There are two or more dimensions in each union, and if some columns form a union, these union dimensions will either appear together or not at all in any CuBOIDS generated by that group. There can be zero or more unions in each group, but there should be no shared dimensions between different unions (otherwise they can be combined into a single union). If, according to the business logic of this grouping, multiple dimensions always appear together in the query, you can set these dimensions as federated dimensions in that grouping.

The Row Key optimization

Kylin arranges all the dimensions into a complete Rowkey, and sorts all the rows in the Cuboid in ascending order by the Rowkey. A well-designed Rowkey can filter and locate data query more effectively, reduce I/O times, improve query speed, and have a significant impact on query performance. The Row key design principles are as follows:

The dimensions that are used as filters come first

Dimensions with large cardinals precede those with small cardinals.

The cardinality here refers to the size of the distinct number.

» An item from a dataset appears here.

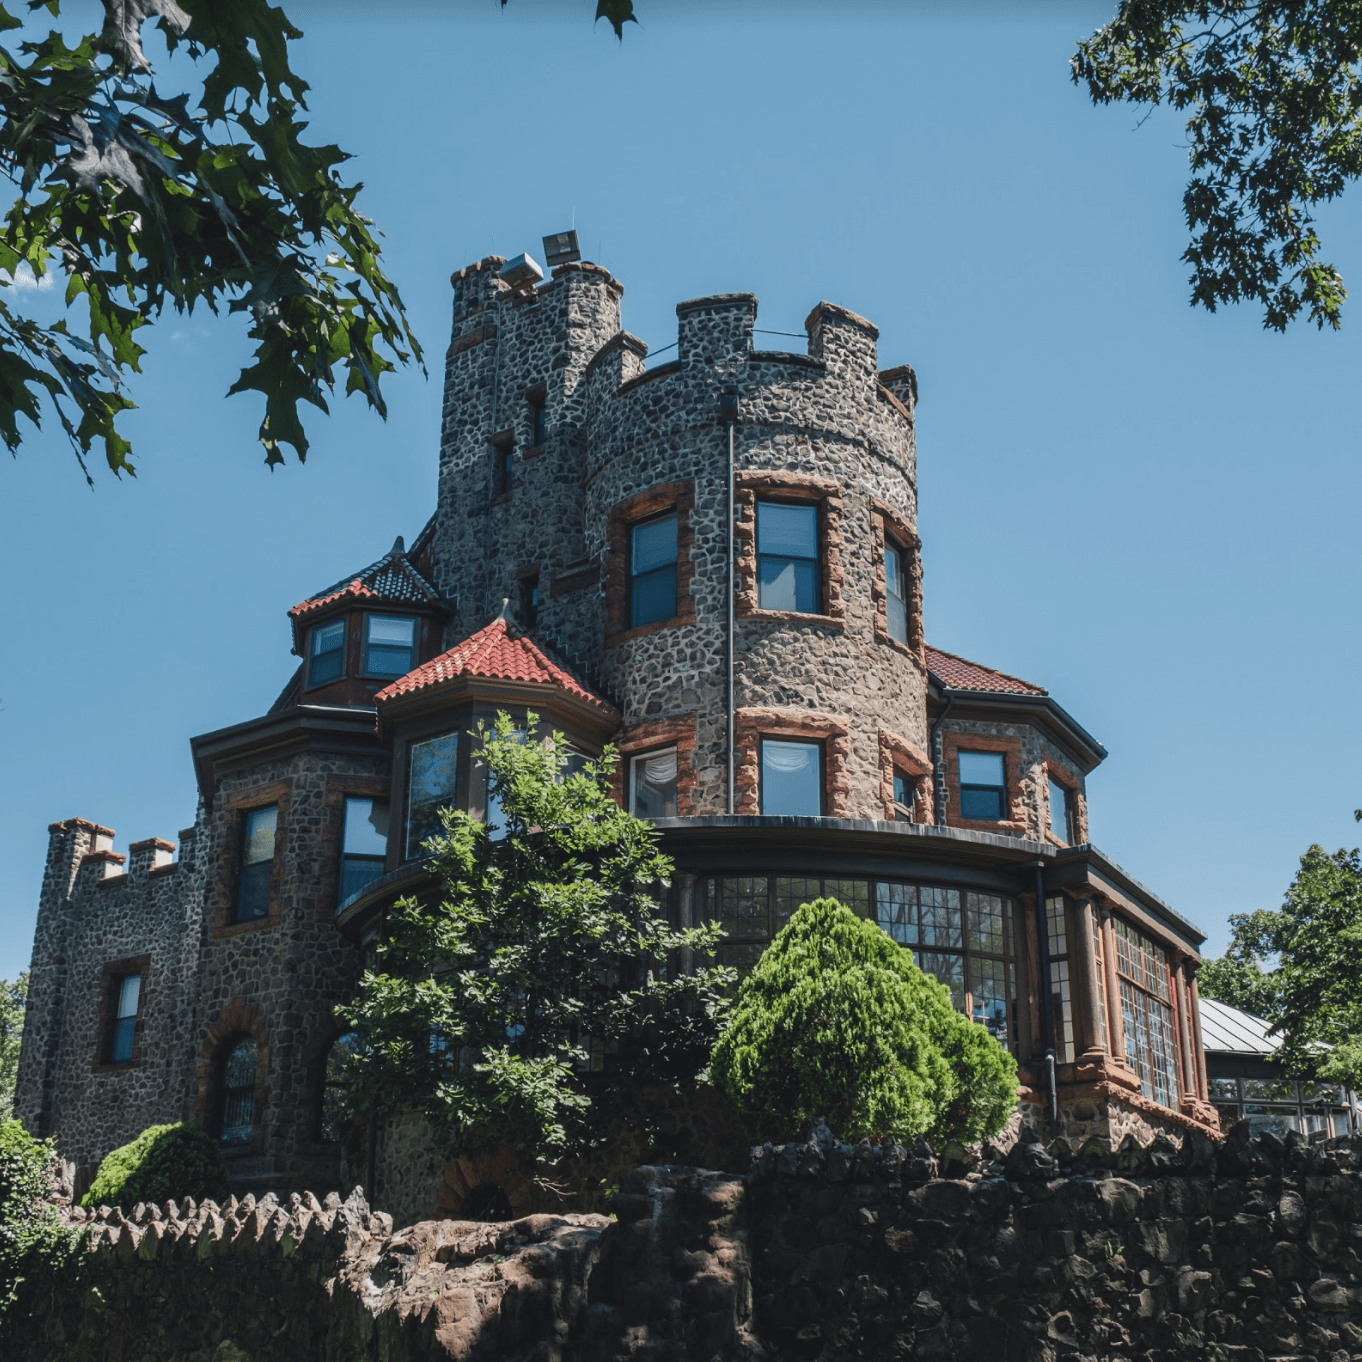 Kip’s Castle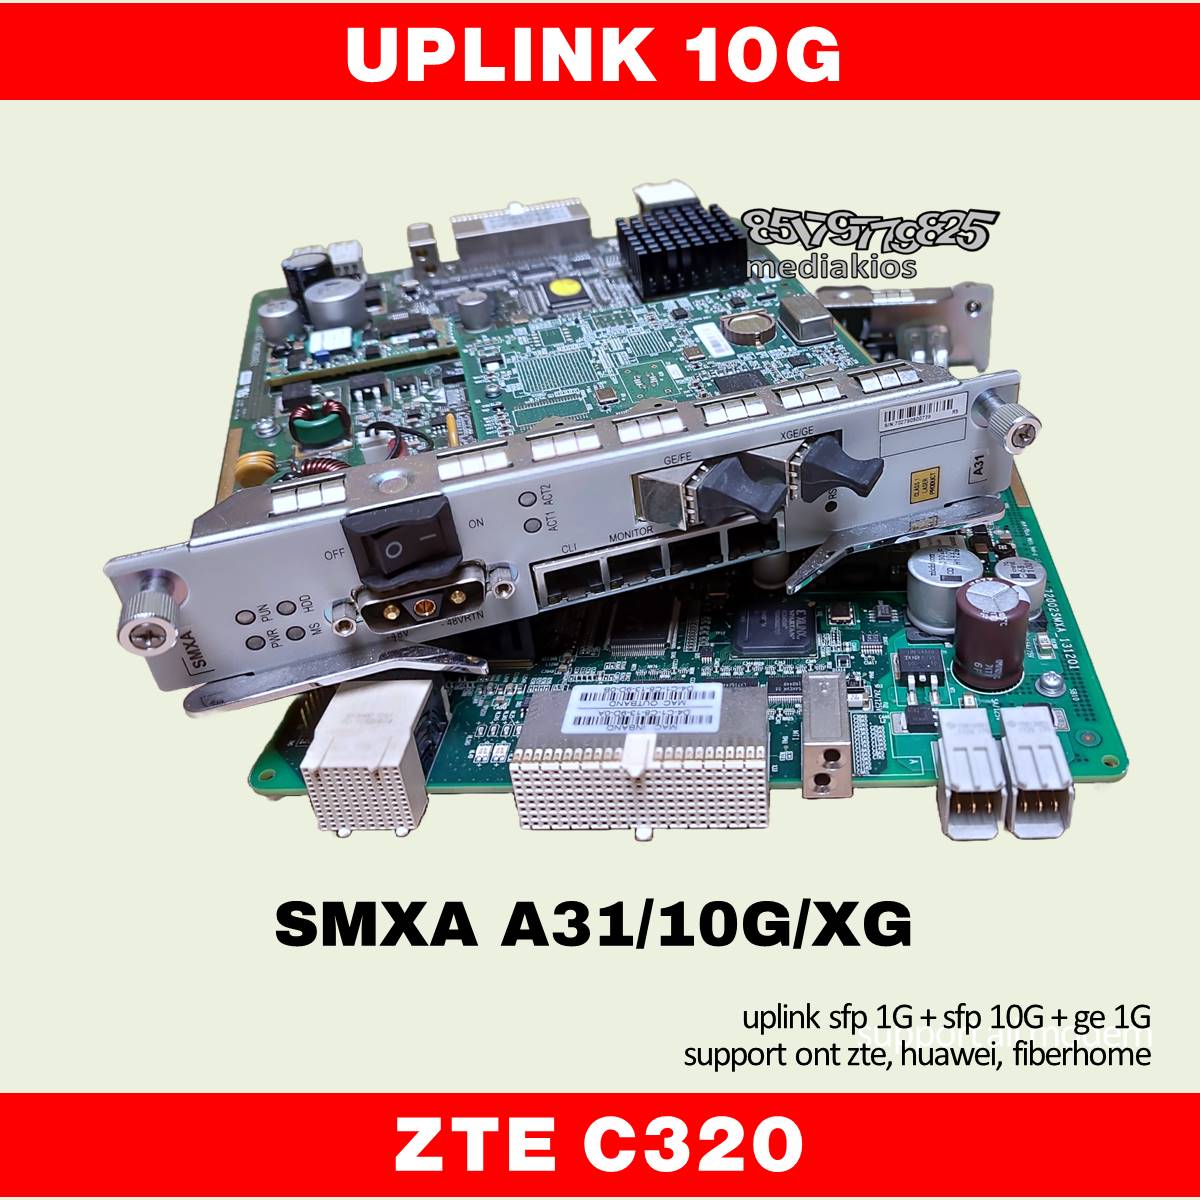 uplink 10g smxa a31 olt zte c320 support all modem

For example, in the figure below, dimension C has 6 categories and dimension D has 3 categories, so C comes before D

Concurrency granularity optimization

When the size of a Cuboid in the Segment exceeds a certain threshold, the system will fragment the data of the Cuboid into multiple partitions to realize the parallelization of Cuboid data reading and optimize Cube query speed. The specific implementation methods are as follows: The build engine determines how many partitions are required to store the Segment based on the estimated size of the Segment and the parameter Kylin.hbase.region. cut. If the storage engine is hbase, the number of partitions corresponds to the number of regions in hbase.

The default value of kellin.hbase.region. cut is 5.0 in GB, which means that the build engine will allocate 10 partitions to a Segment estimated to be 50GB. Users can also by setting the kylin. Hbase. Region. Count. Min (defaults to 1) and kylin. Hbase. Region. Count. Max (default is 500) two configuration to determine each Segment, or at least most is divided into how many partitions.